Spring is Busting Out All O-o-o-o-ver!

1 week ago 11



I was working on a post this morning (It begins: “I may be an idiot for bringing this up, but I can’t help myself . . .”), and then a dental adventure took up too much time and energy, so I’ll post it next week. Promise.

So, it’s all about spring and the farm today. And, yes, lordy, lordy, spring is busting out all o-o-o-ver. Recent rains and warm weather have electrified the grass, neighborhoods are alive with pink, red, and white crab apples and redbuds, rabbits are rabbiting all over our yard, and the birds . . .? The birds are something else altogether.

It’s like watching adolescents grow up if you could compress ten years into six weeks. It all started with the avian equivalent of a drug-soaked spring break, when the air was full of male birds crazed with lust and recently acquired freedom. Little boy downy woodpeckers pitched aerial battles straight out of Top Gun. The female doves scattered into the bushes looking for lawyers to sue for sexual harassment. The air was full of what we call “bird song,” and what I’m guessing male birds call SHOUTING: This is MY YARD and MY FEMALE, SO STAY THE &^$(!@ AWAY!

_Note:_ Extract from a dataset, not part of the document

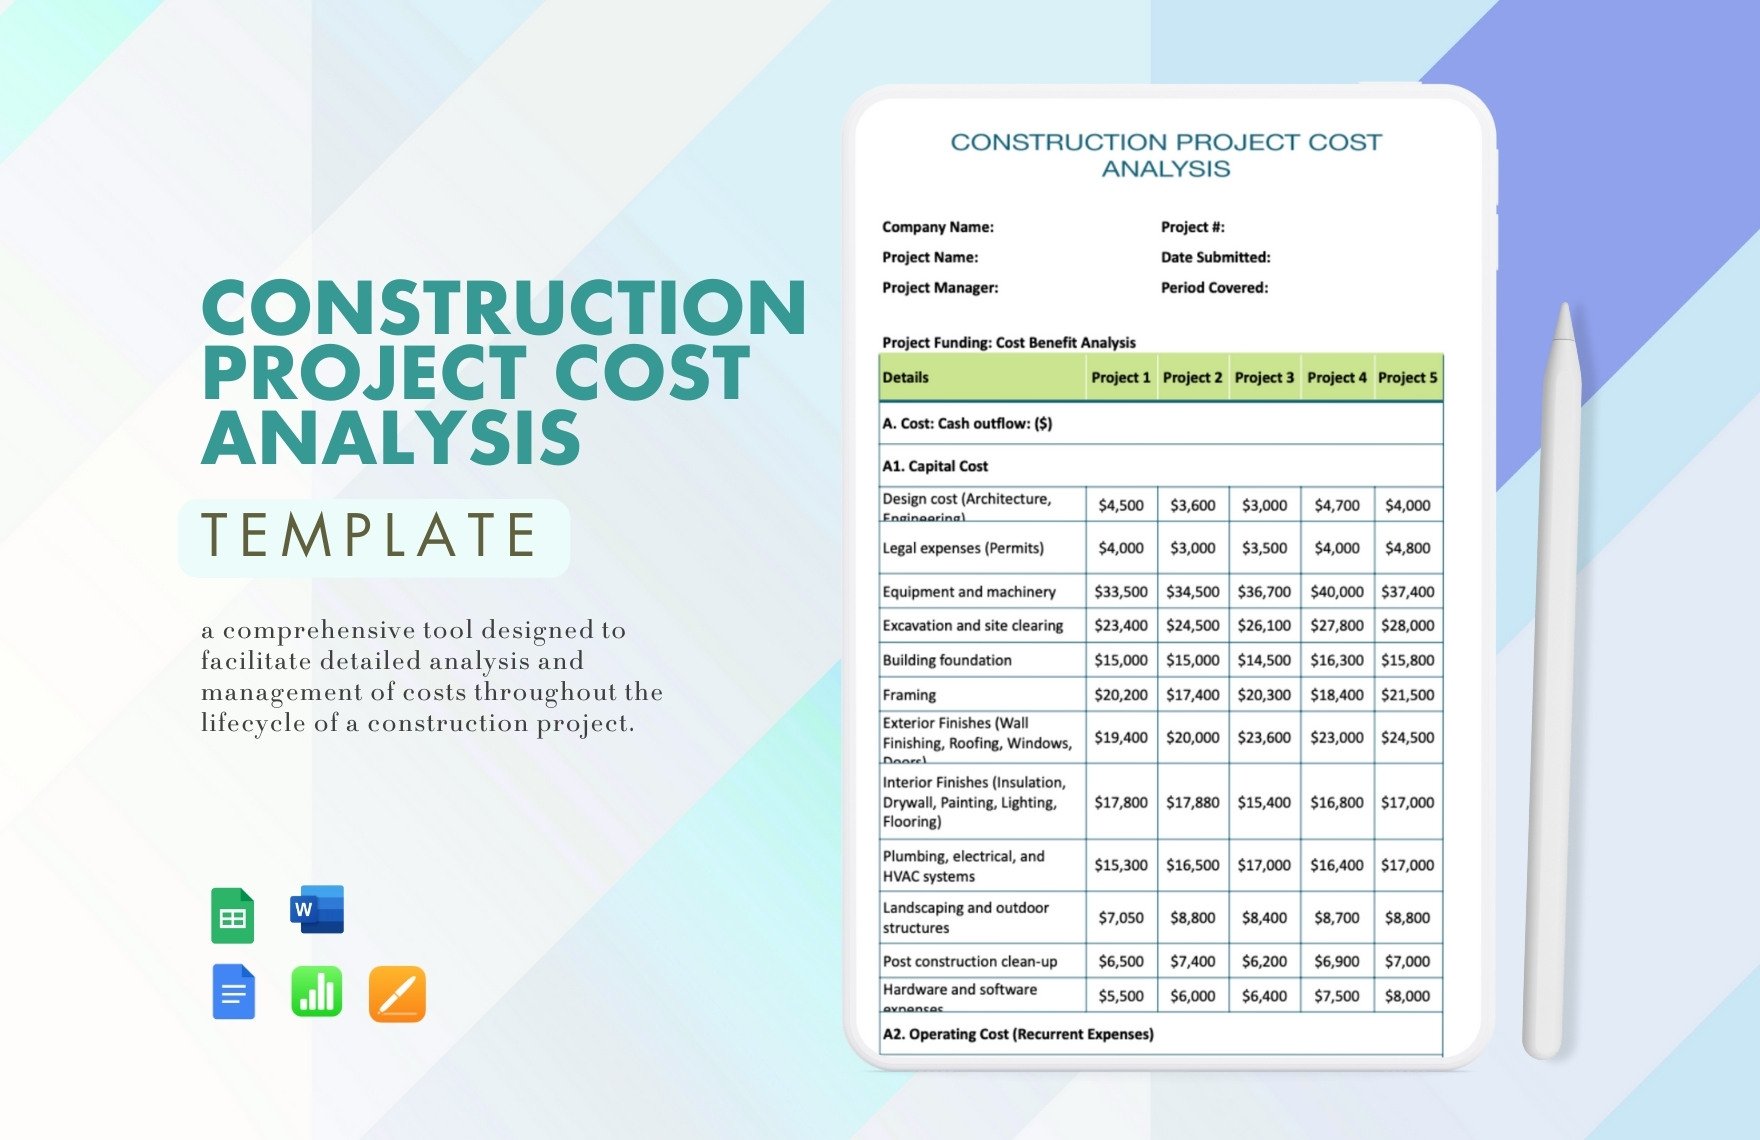 Construction Project Cost Analysis Template in Word, Google Docs, Google Sheets, Apple Pages, Apple Numbers

Spring break is still going on with the recent arrivals—last week the rosebreasted grosbeaks, the wrens, the orioles, and the hummingbirds blew in—but the early arrivals are now akin to twenty or thirty-somethings with serious family responsibilities. We have three nests attached to our house: House finches that we can watch out the living room window, a pair of mourning doves in the pergola just a few feet away, and a phoebe in the carport. Best, from my perspective, are the bluebird babies being fed religiously by their parents, in the nest we put up in the upper orchard pasture. (“We,” of course, means Jim, after I said “please put it here.”)

This is the male house finch, who has taken to sitting on the hummingbird feeder, just a few feet from where I sit on the on the living room couch. He flies in and checks out everything going on in the room, just sitting and looking for the longest time. He can see the TV from there, perhaps he has opinions about what we’re watching? He sits, moves his head around to get a good look, while I laugh, Maggie is transfixed, and Skip is oblivious.

Here’s a rose-breasted grosbeak at the feeder. Not the best photo, but what a  handsome boy. There are at least 3 of them right outside our window much of the day.

The flowers too are glorious. Three happy crapapple trees cloaked in dark pink extravagances, Virginia bluebells flutter behind the fading daffodils, and our tulips are reminding us why their bulbs were worth a fortune in the 1600’s. In the last week I’ve planted peas, chard, romaine, greens, and carrots. Next up are potatoes, and brussell sprouts. Holding off on tomatoes for another week. It is Wisconsin after all.

Last weekend we went spent some time at the Nippersink or Swim trial outside of Lake Geneva. I didn’t run either dog. At 11 and a half, Maggie is retired from serious trialing (sometimes I see “old dog face” when I look at her, tell me it isn’t so). Skip blew his chance, the last time he ran there, by ignoring a 6-8 foot drop into Nippersink Creek, and scaring the crap out of me when he flew into it at eighty miles an hour and plummeted out of sight. Okay, maybe he wasn’t running all that fast. But still. Every other dog in the world saw the creek as a fence, but not Mr. Wonderful, the dog of many nicknames, including “Suicide by Fence.” Or, creek.

Maggie got to set sheep out for a bit, but she and I both got pretty tired, so we enjoyed catching up with friends, two and four-legged. One of my biggest laughs of the weekend was watching two dogs make their desires screamingly obvious: Look at owner, look at car. Look at owner, look at car. Repeat as if on a loop. Here’s Ness, friend Samantha’s dog, being as clear as a blinking, neon sign. “Please stop yapping at each other and load me up!”

It seems only appropriate in spring to include a photo of one of the farm’s  cutest lambs in the world:

I’ll leave you with a few more delights of spring: First, our baby redbud tree actually had 9 (count them, 9!) flowers on it. It’s very young, and this is the first spring with any flowers at all. I have high hopes for next year, although it’s a bit nippy here for them and I’m not sure if they get enough sun. Who knows, maybe 27 flowers next year! (Note: If you don’t know, the flowers are miniscule, maybe 1/3 of an inch wide? Feel free to shake your head and roll your eyes.) Here are three of them:

I’m guessing few will roll their eyes at the year’s first rhubarb/strawberry pie.

The rhubarb;s from our yard, the berries from Burre’s Berry Farm down the road (we’ll have our own soon!). I will admit: I have many faults, and many failures, but I can make a damn good pie.

I’ll leave you with this shot of the sun coming through my gardening tubs while weeding and mulching the day lily garden. (I was going to crop the dead daffodils flowers out of the photo–it seems that deadheading 400-500 blooms takes some time; who knew?–but thought a little realism is in order.

I am delighting in the colors of spring all around us. You?